Neben der DNA-Methylierung sind Histonmodifikationen als klassische epigenetische Mechanismen axonaler Regeneration von großer Bedeutung. Histon-Deacetylasen (HDACs) katalysieren nicht nur die Deacetylierung von Histonen im Zellkern, sondern auch von Proteinen wie α-Tubulin im Zytoplasma. Solche posttranslationalen Modifikationen, wie die Acetylierung von Tubulin, sind entscheidend an der Axonregeneration beteiligt, da die Inhibition der Mikrotubulidynamik das Axonwachstum reduziert (stabile und dynamische Mikrotubuli unterscheiden sich durch das Ausmaß der Tubulin-Acetylierung). Nach peripheren Nervenschäden werden Mikrotubuli umgebaut, um die Bildung von Wachstumskegeln zu erleichtern und die Axonregeneration zu fördern.
Die vorteilhaften Wirkungen von niedrig dosierter ionisierender Strahlung (LDIR) auf diesen Prozess sind seit Jahrzehnten bekannt. LDIR kann adaptive Antworten induzieren, die die Wachstums- und Funktionskapazität verbessern. Beispielsweise fördert eine lokale, niedrig dosierte Röntgenbestrahlung die Nervenreparatur und Funktionswiederherstellung bei Ratten, obwohl die Mechanismen noch nicht vollständig geklärt sind. Studien legen nahe, dass LDIR über Veränderungen der DNA-Methylierung und Transkriptionsprofile zu diesen adaptiven Effekten beiträgt.
In einer Ende 2023 in Neuron erschienenen Studie konnte nun gezeigt werden, dass zwei ionisierende Strahlenquellen, Alpha-Partikel und Röntgenstrahlen, das Axonwachstum von kultivierten peripheren Nervenzellen fördern. Eine niedrig dosierte Ganzkörper-Röntgenbestrahlung verbesserte die intrinsische Wachstumskapazität verletzter Neurone und beschleunigte die Axonregeneration sowie die Funktionswiederherstellung nach Ischiasnervverletzungen.

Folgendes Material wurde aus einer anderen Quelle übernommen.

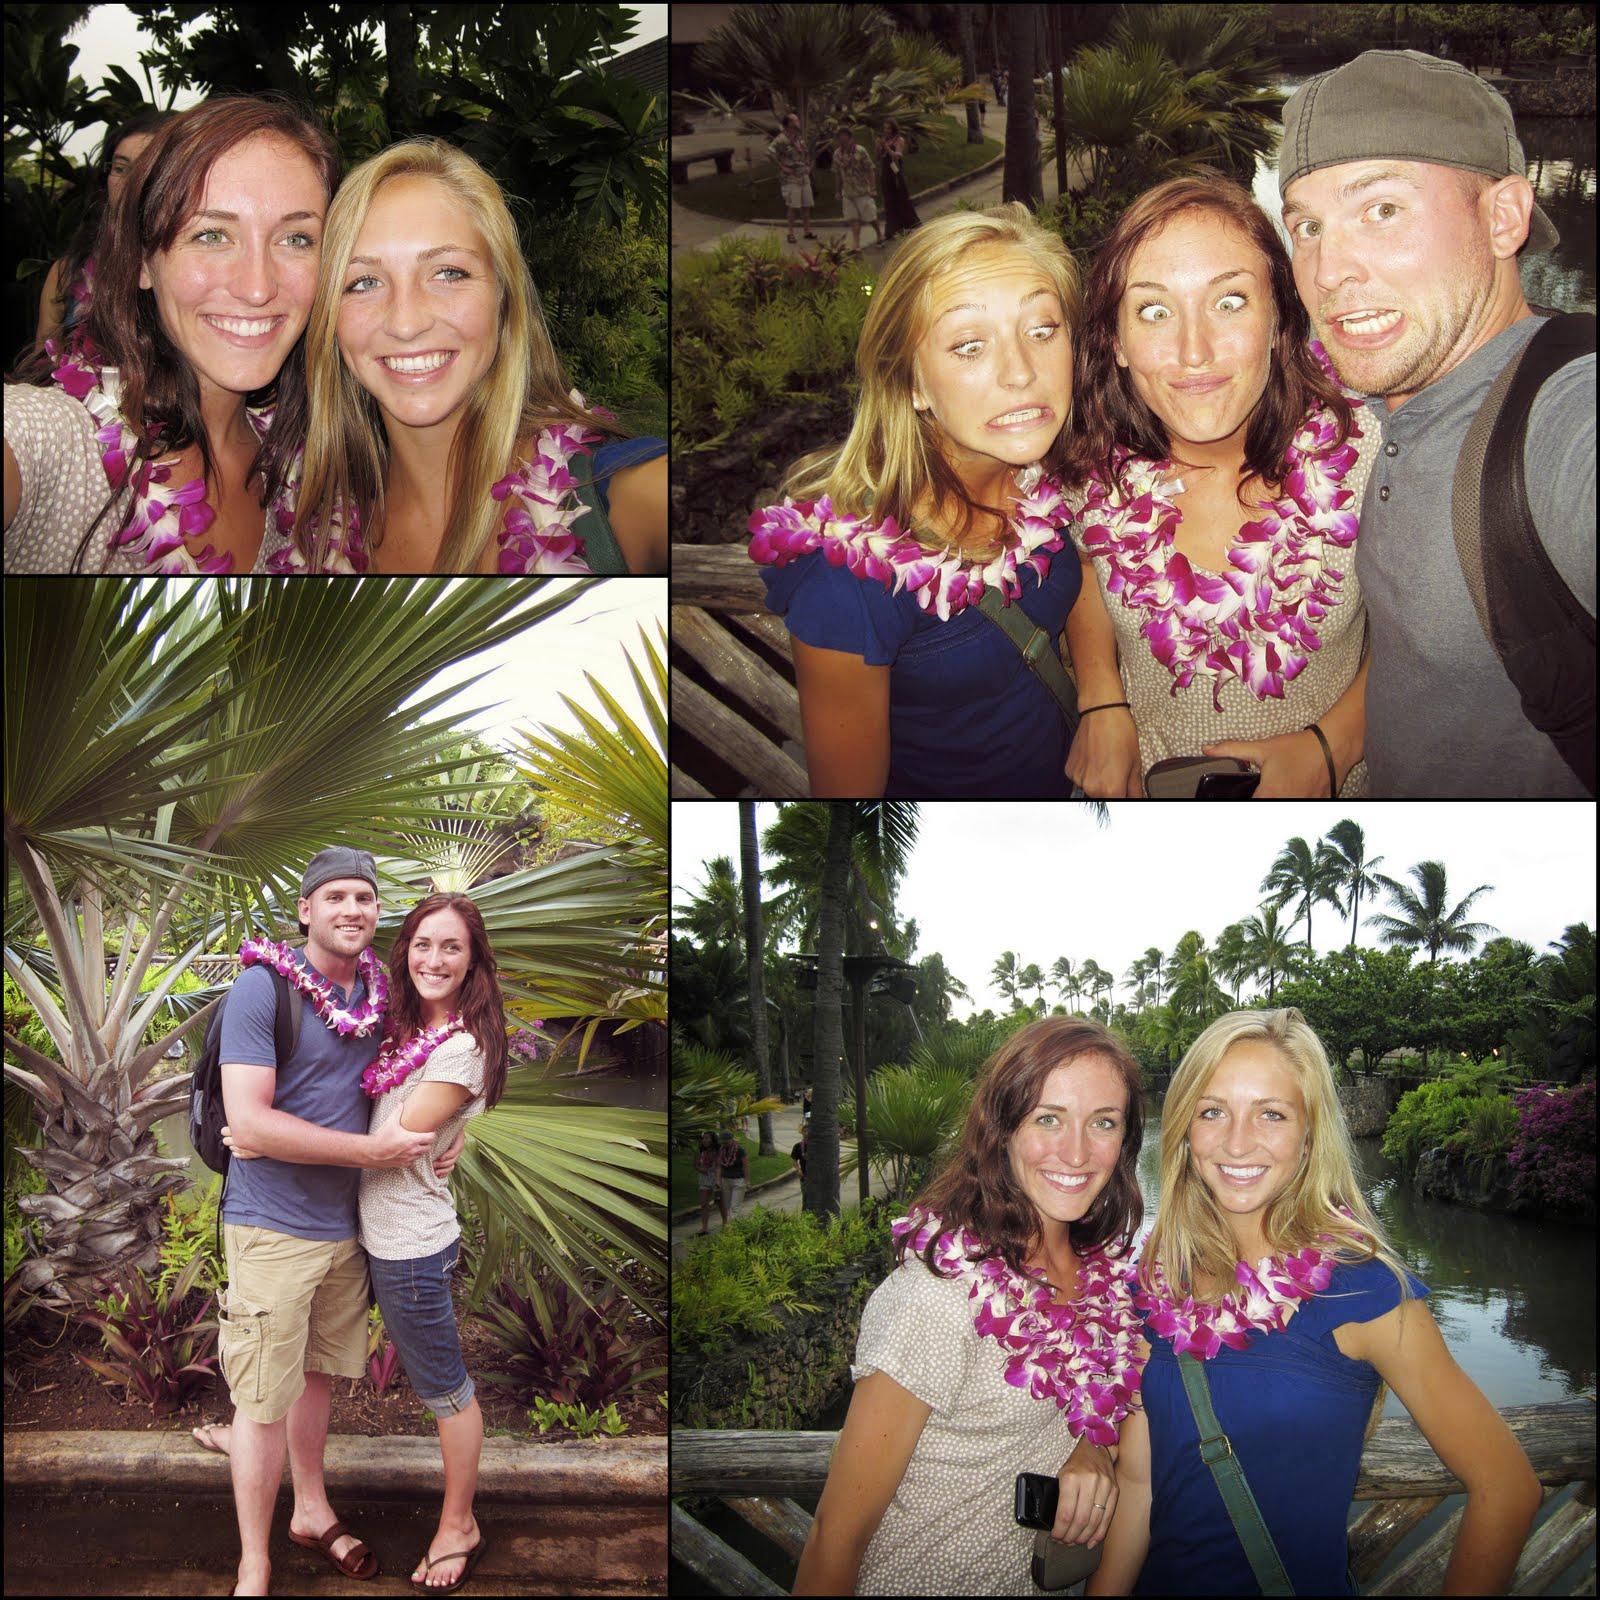 http://1.bp.blogspot.com/-31lq_6QJEAI/ThDG9vUgDFI/AAAAAAAAA0E/h3KynA0b3Dg/s1600/Hawaii2.jpg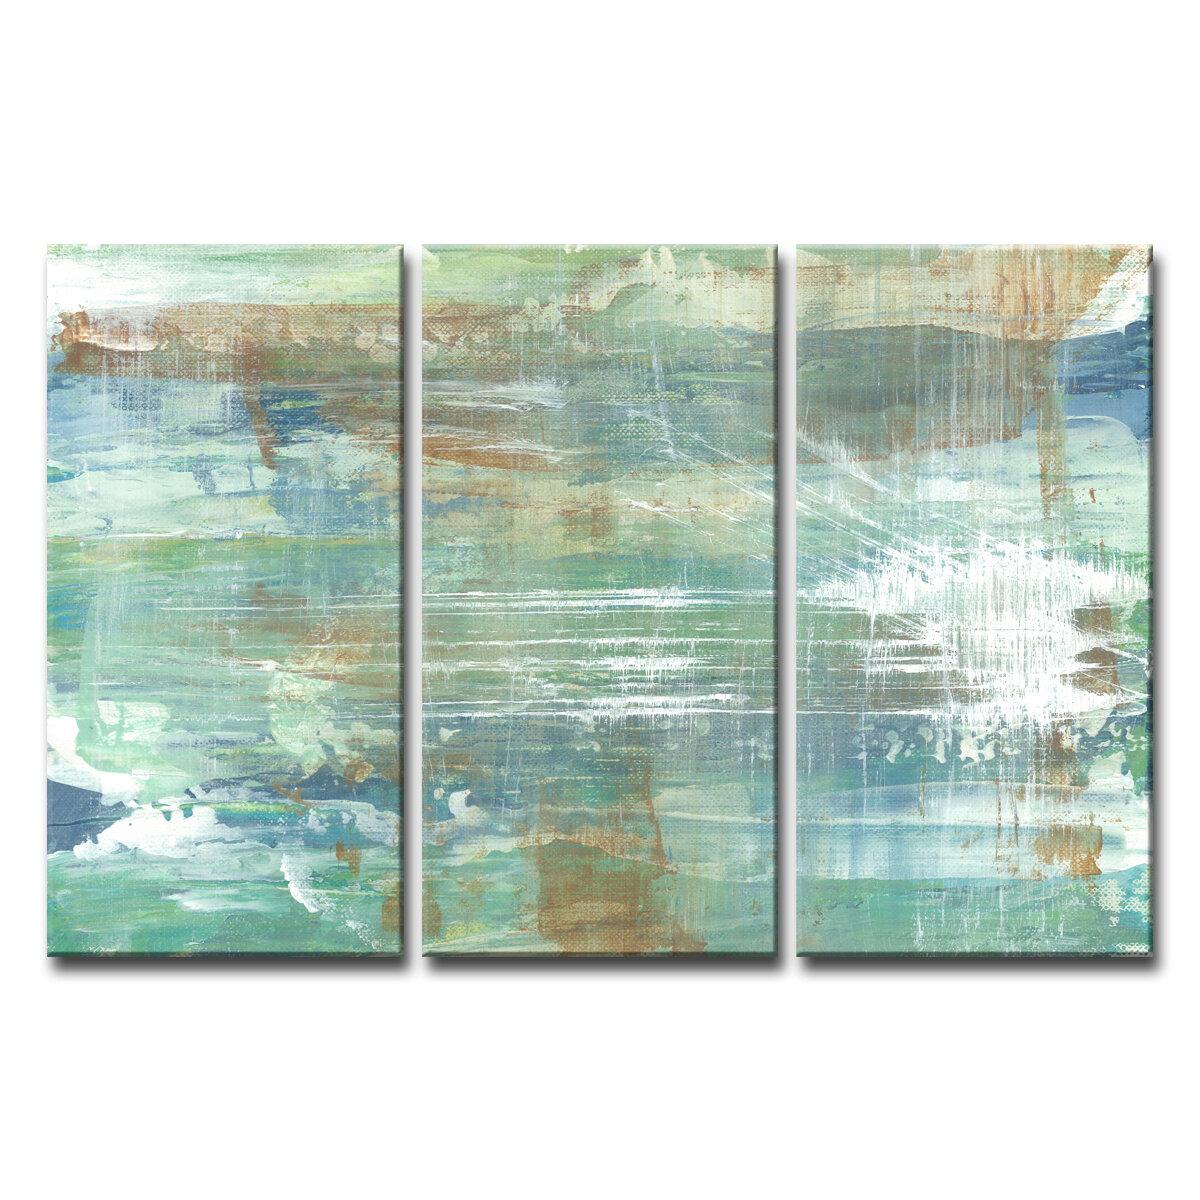 Copper and Blue 3 piece set

Die Autoren konnten durch genomweite Analysen der CpG-Methylierung in diesen Tieren eine Hypermethylierung des Fmn2-Promotors als Hauptfaktor ermitteln, der mit den fördernden Effekten von LDIR assoziiert ist. Die Knockdown-Experimente von Fmn2 zeigten, dass dessen Inhibition die Mikrotubulidynamik in Wachstumskegeln erhöht und die Axonregeneration fördert. Darüber hinaus wurde mit Metaxalon ein FDA-zugelassenes Molekül identifiziert, das in vitro und in vivo die Axonregeneration unterstützt. Diese Ergebnisse bieten einen neuen Ansatz für eine potenziell sichere und effektive pharmakologische Therapie bei peripheren Nervenschäden.
Referenz:
Au NPB, Wu T, Chen X, Gao F, Li YTY, Tam WY, Yu KN, Geschwind DH, Coppola G, Wang X, Ma CHE (2023) Genome-wide study reveals novel roles for formin-2 in axon regeneration as a microtubule dynamics regulator and therapeutic target for nerve repair. Neuron 111:3970-3987.e3978.